As I mentioned in this blog earlier, I was in France recently for a conference. I have to say that it wasn't the smoothest trip I have done. Mostly because there were strikes all over the place, and so even though one would want one's trip to be planned and wrinkle-free, sometimes that isn't the case.
See, when I booked my flight, I already had the premonition that it would be strike season. After all, my trip was in June, and strikes typically happen during the summer. So I preemptively avoided booking my flights with Air France. I booked on Air Berlin instead. And sure enough, on the day I was supposed to travel and fly from Berlin to Paris, Air France was on strike.
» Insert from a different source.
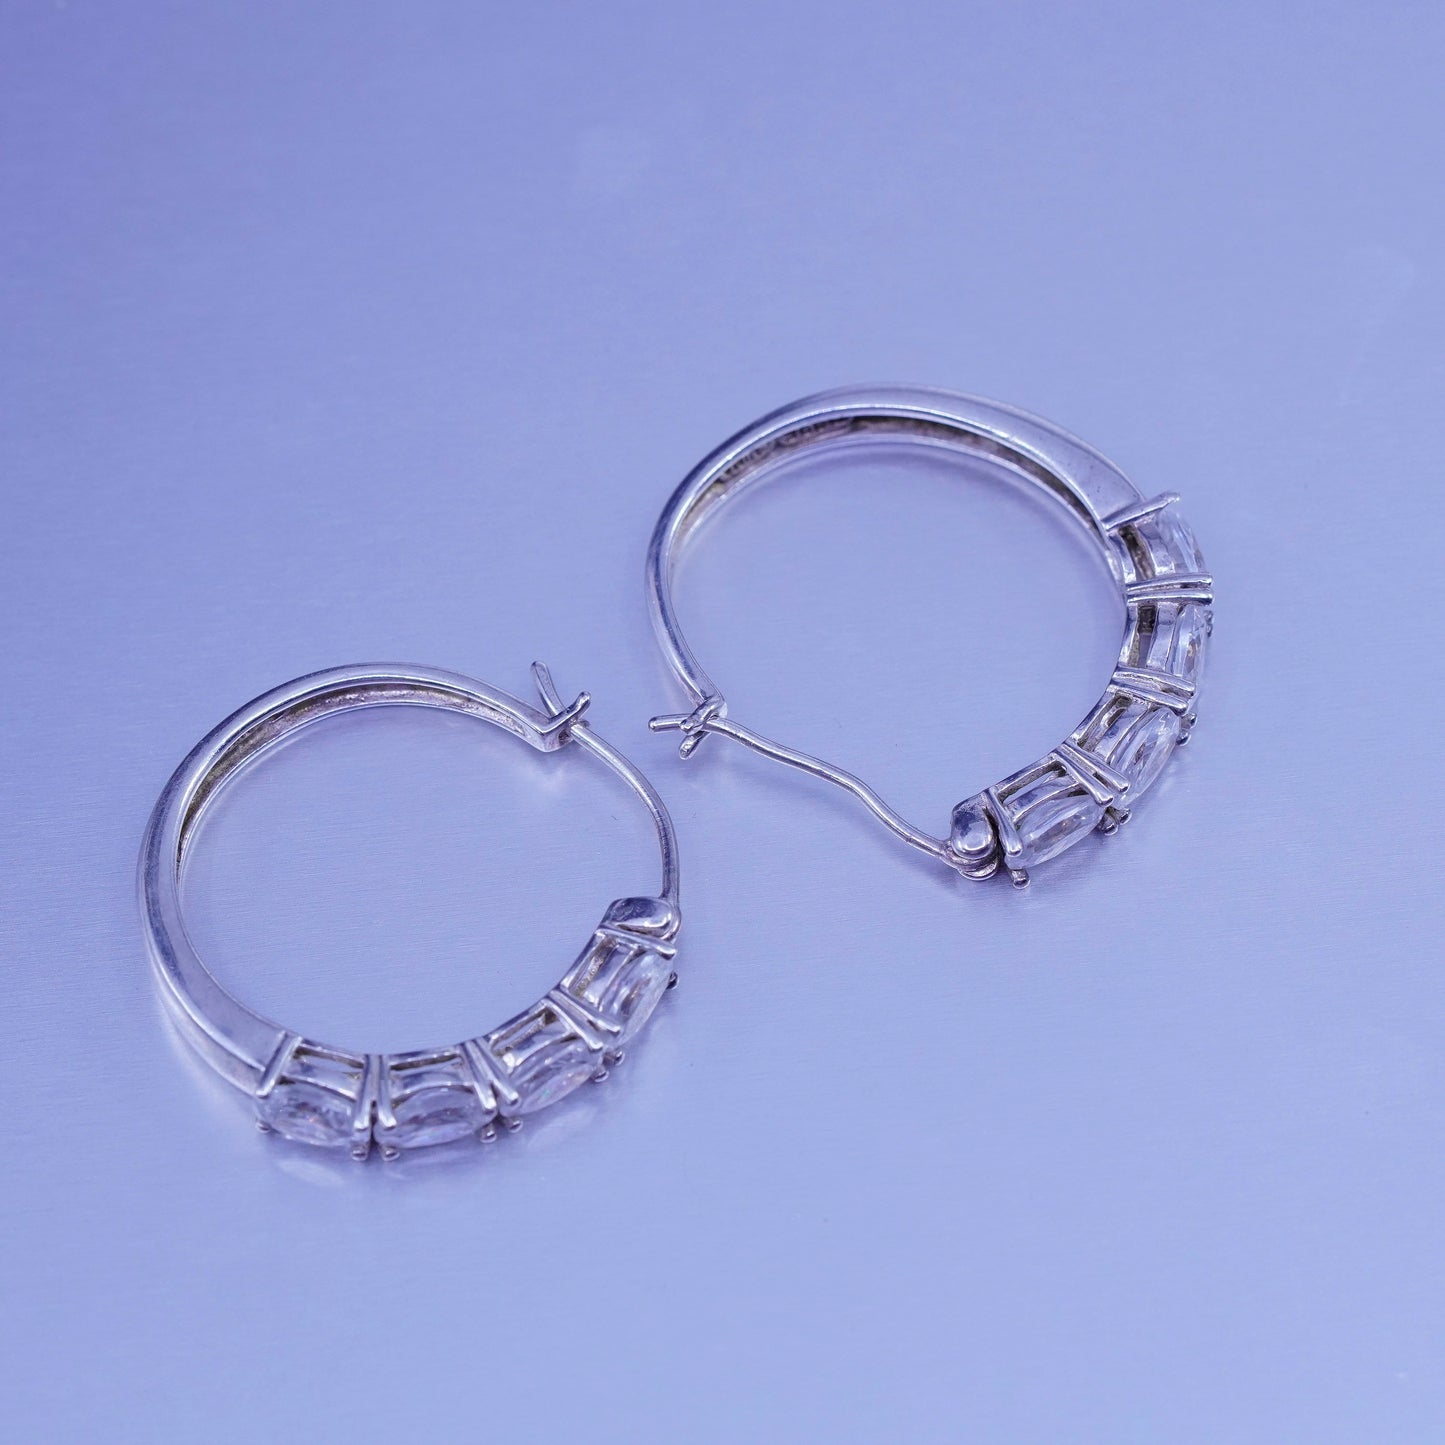 1”, vintage Sterling silver handmade earrings, 925 Huggie hoops with Cz

So I flew from Berlin Tegel Airport to Paris Orly Airport. Guess what? There was another French strike that affected us. The French air traffic controllers were also on strike. So we were slightly delayed, and had to wait at the tarmac in Berlin for more than half an hour before we received clearance to proceed. After all, there were less people controlling French airspace, so the aircraft that needed to get inside French airspace had to wait.
So I got into Paris Orly. I had to take the suburban rail to get from the airport to Paris Saint Lazare Station. The easiest way would be to take the Orlyval (a driverless train linking Orly Airport with Antony Station on the RER B), followed by the RER. Of course, SNCF (the French Railways) were on strike too, so the RER was super crowded. I finally reach Saint Lazare Station after standing all the way in a cramp sardine of a train, for about half an hour.
I didn't buy my train ticket to Caen in advance, after all, I didn't know what time I would get into Paris from the airport, and I didn't know if I would be able to catch a train previously bought or not. So I just bought a ticket at the station. The next train to Caen was not until three hours later (usually there's one every hour). So I just waited it out at the station.
While I was waiting in the station, there were people, workers, members of the CGT union, protesting, making loud noises. I suppose this is the reason why my train was not running.
Anyway, I reached Caen, finally. It wasn't the smoothest ride, and days before, I kept following the French news, reading the French media, following whether the strikes would escalate or calm down. There was a part of me that even wanted to cancel the trip, though I kept weighing my options, since there were aspects of that trip that were already paid and cannot be reimbursed. In the end, I went. But I wouldn't mind not having the stress that accompanied it.
The thing is, sometimes I wonder whether strikes are productive at all. While I have nothing against strikes (I do believe that workers have the right to protest), sometimes I think that in France strikes happen before negotiations, instead of going to strike when the negotiations break down. Correct me if I'm wrong, but sometimes the image an outsider gets is that France just loves her drama.
Oh well, I came and went, and while there were a few delays, and a few surprises, overall the trip was fantastic.